Death Makes Strangers of Us All

This collection from The Swan River Press contains ten well-crafted stories by R. B. Russell, better known to many of us as Ray Russell, co-founder of Tartarus Press. The tales here qualify as weird, strange, sometimes ghostly, and occasionally horrific. They are hard to classify in more specific terms, but all offer a perspective on our mortal condition.

The first story, 'Night Porter', concerns a young woman in need of a job who accepts a post at a somewhat dodgy hotel. Marianne is disturbed by a strange client, Miss Fisher, who is in the habit of renting a room for herself and various drunken men. Odd things happen, terrible stains are found, an old man with a hypodermic needle appears briefly. Marianne's position as an apparently innocent observer is somewhat subverted by the ending, which suggests that she is in fact involved in something deeply wrong.

'At the End of the World' is the first-person narrative of a man with a wayward brother called Paul. Paul has led a nomadic and often dangerous life, dabbling in drugs, travelling widely, never staying anywhere for long. Finally his brother finds him living in a old railway carriage, wintering at a bleak seaside town. Paul, it transpires, has had a good reason to keep moving, but has run out of options. A strange force is on his trail, in a story slightly reminiscent of Bradbury's 'The Wind'.

'Brighthelmstone' is one of those stories that taught me a fact - the title is the original name of Brighton. This is a relatively slight tale of a boyhood incident in the resort, and is very evocative of seaside holidays a couple of generations ago. It has a Ruth Rendell twist, in which a terrible event comes almost out of nowhere, and is then finessed into the fabric of the narrator's life.



The title story is an account of a British woman's struggle to make sense of her predicament, which is to wander in a nameless foreign city with no idea how she got there. Katherine Blake may be a ghost - that was my initial guess. The near-deserted city is a slightly Kafkaesque place, however, and the story can be read on more than one level. In the end Katherine's fate remains as mysterious as the world in which she finds herself.

'The Man Who Missed the Party' is a tale of Sixties nostalgia, memory, and loss. A bookshop owner is visited by a strange man who may be a lover from decades earlier. The party in question was a catastrophic affair in Austria, complete with sex, drugs, and a fatal overdose. The mysterious visitor at first seems to offer a kind of closure, but then events take a surreal turn, and in a way the party catches up with the man who missed it.

'It's Over' is an interesting tale of tragedy, set in Toledo. David has lost his love, Amalia, to another man, one who is manifestly unworthy.
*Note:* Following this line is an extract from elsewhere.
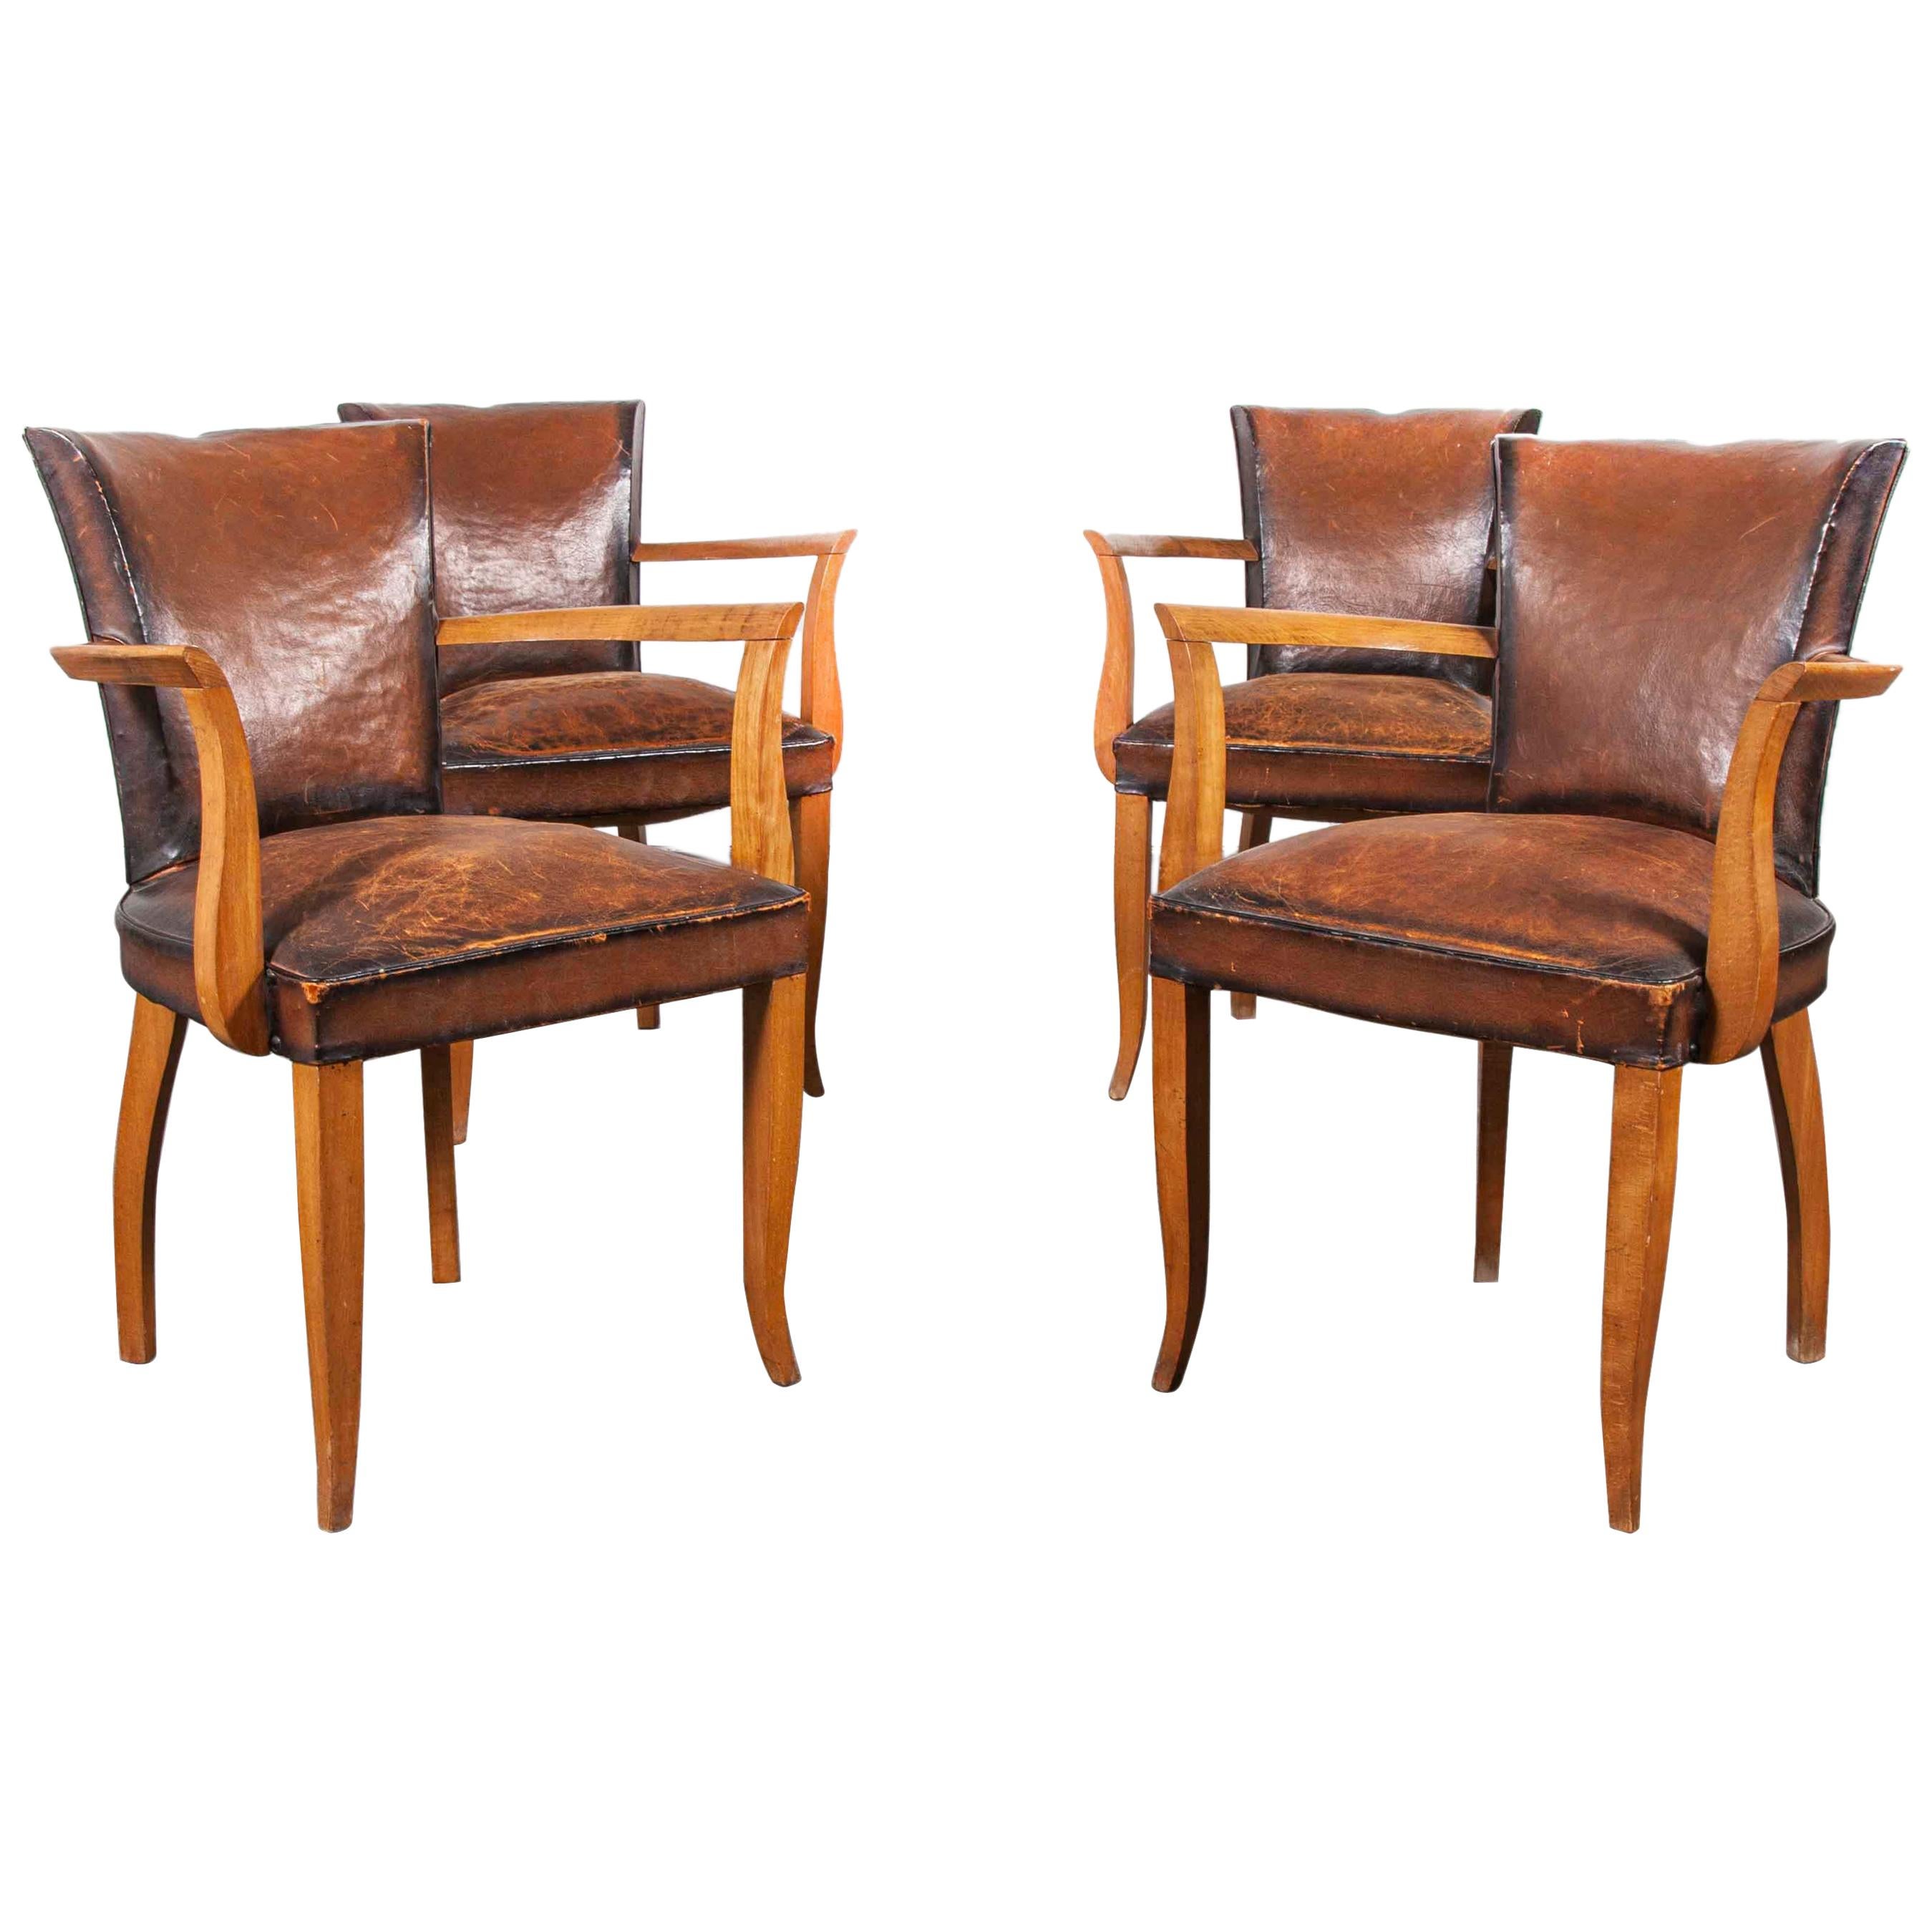 1930s Original Leather French Bridge Chairs, Set of Four

Conventional troubles arise, including fisticuffs when David meets the slimy Salvatore. There is a dark undertone of abuse, or the threat of it, in Amalia's new relationship. Then, having resigned himself to loss, David encounters Amalia for one last time.

Very different in tone is 'The Mighty Mr. Godbolt', in which a couple set out to visit the eponymous stamp collector and railways enthusiast. The pair are separated and the wife finds herself on the last journey of Godbolt, someone whose force of personality is remarked upon by all. This is quite an old-fashioned ghost story, in its way, and would not be out of place (barring a few anachronisms, of course) in any between-the-wars anthology.

'One Man's Wisdom' is an odd, slightly unfocused tale of a family ironmongery business, and the strange machine the only employee has constructed in a big shed. I wish I I could say more about it, but for me it was a little pointless. I kept expecting something to happen, but it didn't. Perhaps this one was based on a dream, or the result of an experiment. Still, if you like accounts of large, incomprehensible machines and the unlikable men who tend them, this one is for you.

'Afterwards' is a post apocalyptic tale of a man who survives the mass die-back of the human race. It is slightly reminiscent of John Wyndham and other British authors (John Christopher springs to mind) and of the Seventies TV series Survivors.

The final story is 'The Ghosts of Begbie Hall'. A sceptical researcher returns to an old house that she knew well when it became the focus of a famous haunting. She delivers a talk to a group of convinced ghost hunters, thinking to finally scupper the occult reputation of the hall. But instead she seems to trigger a response that mocks her claims that the original haunting was all a hoax.

So, there are my brief takes on the stories, most of which certainly deserve more attention and thought that I can give. Death Makes Strangers of Us All is a varied and interesting collection, and helps cement Russell's reputation as an accomplished author as well as a discerning bibliophile and publisher.